→ EXERCISE REQUIREMENTS
Please print the data shown below without any alteration.

→ DATA SHOWN

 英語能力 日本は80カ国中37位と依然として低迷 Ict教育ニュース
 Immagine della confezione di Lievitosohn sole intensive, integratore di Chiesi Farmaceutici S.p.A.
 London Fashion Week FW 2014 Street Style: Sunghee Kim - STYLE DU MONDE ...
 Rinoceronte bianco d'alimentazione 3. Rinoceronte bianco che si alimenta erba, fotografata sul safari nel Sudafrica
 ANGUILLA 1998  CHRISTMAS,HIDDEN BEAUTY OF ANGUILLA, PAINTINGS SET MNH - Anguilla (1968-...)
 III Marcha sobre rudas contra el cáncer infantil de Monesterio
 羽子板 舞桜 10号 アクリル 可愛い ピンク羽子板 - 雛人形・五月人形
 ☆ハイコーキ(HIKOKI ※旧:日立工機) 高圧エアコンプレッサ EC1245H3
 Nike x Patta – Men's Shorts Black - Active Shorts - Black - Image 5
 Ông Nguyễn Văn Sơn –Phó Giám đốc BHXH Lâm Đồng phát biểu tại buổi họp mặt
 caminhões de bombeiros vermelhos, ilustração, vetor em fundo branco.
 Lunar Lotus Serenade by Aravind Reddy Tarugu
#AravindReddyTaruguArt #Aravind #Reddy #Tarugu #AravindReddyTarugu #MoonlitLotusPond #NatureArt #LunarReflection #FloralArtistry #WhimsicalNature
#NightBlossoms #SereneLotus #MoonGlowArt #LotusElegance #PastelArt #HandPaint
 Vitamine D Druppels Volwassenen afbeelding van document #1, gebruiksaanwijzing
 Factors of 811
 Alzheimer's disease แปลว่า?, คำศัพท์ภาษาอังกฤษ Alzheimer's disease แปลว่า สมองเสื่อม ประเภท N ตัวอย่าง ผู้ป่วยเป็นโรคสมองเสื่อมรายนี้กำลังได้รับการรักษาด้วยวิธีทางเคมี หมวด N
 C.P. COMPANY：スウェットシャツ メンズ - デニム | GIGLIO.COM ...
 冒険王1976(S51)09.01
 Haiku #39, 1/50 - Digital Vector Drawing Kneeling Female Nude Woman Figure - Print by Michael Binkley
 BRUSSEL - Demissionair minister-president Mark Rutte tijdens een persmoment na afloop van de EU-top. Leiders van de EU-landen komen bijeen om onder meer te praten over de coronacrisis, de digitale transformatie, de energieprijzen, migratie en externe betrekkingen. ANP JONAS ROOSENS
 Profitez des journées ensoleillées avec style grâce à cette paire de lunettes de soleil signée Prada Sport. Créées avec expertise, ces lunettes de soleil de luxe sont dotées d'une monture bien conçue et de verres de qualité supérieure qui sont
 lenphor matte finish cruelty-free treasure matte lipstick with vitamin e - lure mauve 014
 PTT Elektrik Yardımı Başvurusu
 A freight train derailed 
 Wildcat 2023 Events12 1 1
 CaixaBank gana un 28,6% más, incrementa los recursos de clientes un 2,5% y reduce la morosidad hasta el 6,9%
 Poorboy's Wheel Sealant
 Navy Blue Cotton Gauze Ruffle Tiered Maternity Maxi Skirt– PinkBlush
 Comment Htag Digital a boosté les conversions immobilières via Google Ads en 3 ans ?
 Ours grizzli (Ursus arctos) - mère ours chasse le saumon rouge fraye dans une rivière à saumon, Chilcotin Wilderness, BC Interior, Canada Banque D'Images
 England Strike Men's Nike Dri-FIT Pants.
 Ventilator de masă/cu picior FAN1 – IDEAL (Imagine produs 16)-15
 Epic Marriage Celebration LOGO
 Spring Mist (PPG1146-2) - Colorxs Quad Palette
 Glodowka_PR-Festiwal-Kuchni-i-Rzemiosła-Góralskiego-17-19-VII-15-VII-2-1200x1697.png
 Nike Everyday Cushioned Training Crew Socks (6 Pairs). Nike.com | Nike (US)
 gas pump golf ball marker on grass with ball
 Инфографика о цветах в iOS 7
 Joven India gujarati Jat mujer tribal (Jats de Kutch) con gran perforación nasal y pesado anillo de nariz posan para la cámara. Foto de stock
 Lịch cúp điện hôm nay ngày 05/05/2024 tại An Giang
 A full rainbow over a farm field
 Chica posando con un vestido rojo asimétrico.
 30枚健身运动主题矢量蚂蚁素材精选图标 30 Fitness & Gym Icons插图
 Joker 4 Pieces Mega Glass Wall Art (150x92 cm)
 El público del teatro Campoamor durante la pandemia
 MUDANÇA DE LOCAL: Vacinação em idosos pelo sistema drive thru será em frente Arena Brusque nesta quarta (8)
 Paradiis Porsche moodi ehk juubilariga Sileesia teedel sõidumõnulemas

→ SOLUTION
 英語能力 日本は80カ国中37位と依然として低迷 Ict教育ニュース
 Immagine della confezione di Lievitosohn sole intensive, integratore di Chiesi Farmaceutici S.p.A.
 London Fashion Week FW 2014 Street Style: Sunghee Kim - STYLE DU MONDE ...
 Rinoceronte bianco d'alimentazione 3. Rinoceronte bianco che si alimenta erba, fotografata sul safari nel Sudafrica
 ANGUILLA 1998  CHRISTMAS,HIDDEN BEAUTY OF ANGUILLA, PAINTINGS SET MNH - Anguilla (1968-...)
 III Marcha sobre rudas contra el cáncer infantil de Monesterio
 羽子板 舞桜 10号 アクリル 可愛い ピンク羽子板 - 雛人形・五月人形
 ☆ハイコーキ(HIKOKI ※旧:日立工機) 高圧エアコンプレッサ EC1245H3
 Nike x Patta – Men's Shorts Black - Active Shorts - Black - Image 5
 Ông Nguyễn Văn Sơn –Phó Giám đốc BHXH Lâm Đồng phát biểu tại buổi họp mặt
 caminhões de bombeiros vermelhos, ilustração, vetor em fundo branco.
 Lunar Lotus Serenade by Aravind Reddy Tarugu
#AravindReddyTaruguArt #Aravind #Reddy #Tarugu #AravindReddyTarugu #MoonlitLotusPond #NatureArt #LunarReflection #FloralArtistry #WhimsicalNature
#NightBlossoms #SereneLotus #MoonGlowArt #LotusElegance #PastelArt #HandPaint
 Vitamine D Druppels Volwassenen afbeelding van document #1, gebruiksaanwijzing
 Factors of 811
 Alzheimer's disease แปลว่า?, คำศัพท์ภาษาอังกฤษ Alzheimer's disease แปลว่า สมองเสื่อม ประเภท N ตัวอย่าง ผู้ป่วยเป็นโรคสมองเสื่อมรายนี้กำลังได้รับการรักษาด้วยวิธีทางเคมี หมวด N
 C.P. COMPANY：スウェットシャツ メンズ - デニム | GIGLIO.COM ...
 冒険王1976(S51)09.01
 Haiku #39, 1/50 - Digital Vector Drawing Kneeling Female Nude Woman Figure - Print by Michael Binkley
 BRUSSEL - Demissionair minister-president Mark Rutte tijdens een persmoment na afloop van de EU-top. Leiders van de EU-landen komen bijeen om onder meer te praten over de coronacrisis, de digitale transformatie, de energieprijzen, migratie en externe betrekkingen. ANP JONAS ROOSENS
 Profitez des journées ensoleillées avec style grâce à cette paire de lunettes de soleil signée Prada Sport. Créées avec expertise, ces lunettes de soleil de luxe sont dotées d'une monture bien conçue et de verres de qualité supérieure qui sont
 lenphor matte finish cruelty-free treasure matte lipstick with vitamin e - lure mauve 014
 PTT Elektrik Yardımı Başvurusu
 A freight train derailed 
 Wildcat 2023 Events12 1 1
 CaixaBank gana un 28,6% más, incrementa los recursos de clientes un 2,5% y reduce la morosidad hasta el 6,9%
 Poorboy's Wheel Sealant
 Navy Blue Cotton Gauze Ruffle Tiered Maternity Maxi Skirt– PinkBlush
 Comment Htag Digital a boosté les conversions immobilières via Google Ads en 3 ans ?
 Ours grizzli (Ursus arctos) - mère ours chasse le saumon rouge fraye dans une rivière à saumon, Chilcotin Wilderness, BC Interior, Canada Banque D'Images
 England Strike Men's Nike Dri-FIT Pants.
 Ventilator de masă/cu picior FAN1 – IDEAL (Imagine produs 16)-15
 Epic Marriage Celebration LOGO
 Spring Mist (PPG1146-2) - Colorxs Quad Palette
 Glodowka_PR-Festiwal-Kuchni-i-Rzemiosła-Góralskiego-17-19-VII-15-VII-2-1200x1697.png
 Nike Everyday Cushioned Training Crew Socks (6 Pairs). Nike.com | Nike (US)
 gas pump golf ball marker on grass with ball
 Инфографика о цветах в iOS 7
 Joven India gujarati Jat mujer tribal (Jats de Kutch) con gran perforación nasal y pesado anillo de nariz posan para la cámara. Foto de stock
 Lịch cúp điện hôm nay ngày 05/05/2024 tại An Giang
 A full rainbow over a farm field
 Chica posando con un vestido rojo asimétrico.
 30枚健身运动主题矢量蚂蚁素材精选图标 30 Fitness & Gym Icons插图
 Joker 4 Pieces Mega Glass Wall Art (150x92 cm)
 El público del teatro Campoamor durante la pandemia
 MUDANÇA DE LOCAL: Vacinação em idosos pelo sistema drive thru será em frente Arena Brusque nesta quarta (8)
 Paradiis Porsche moodi ehk juubilariga Sileesia teedel sõidumõnulemas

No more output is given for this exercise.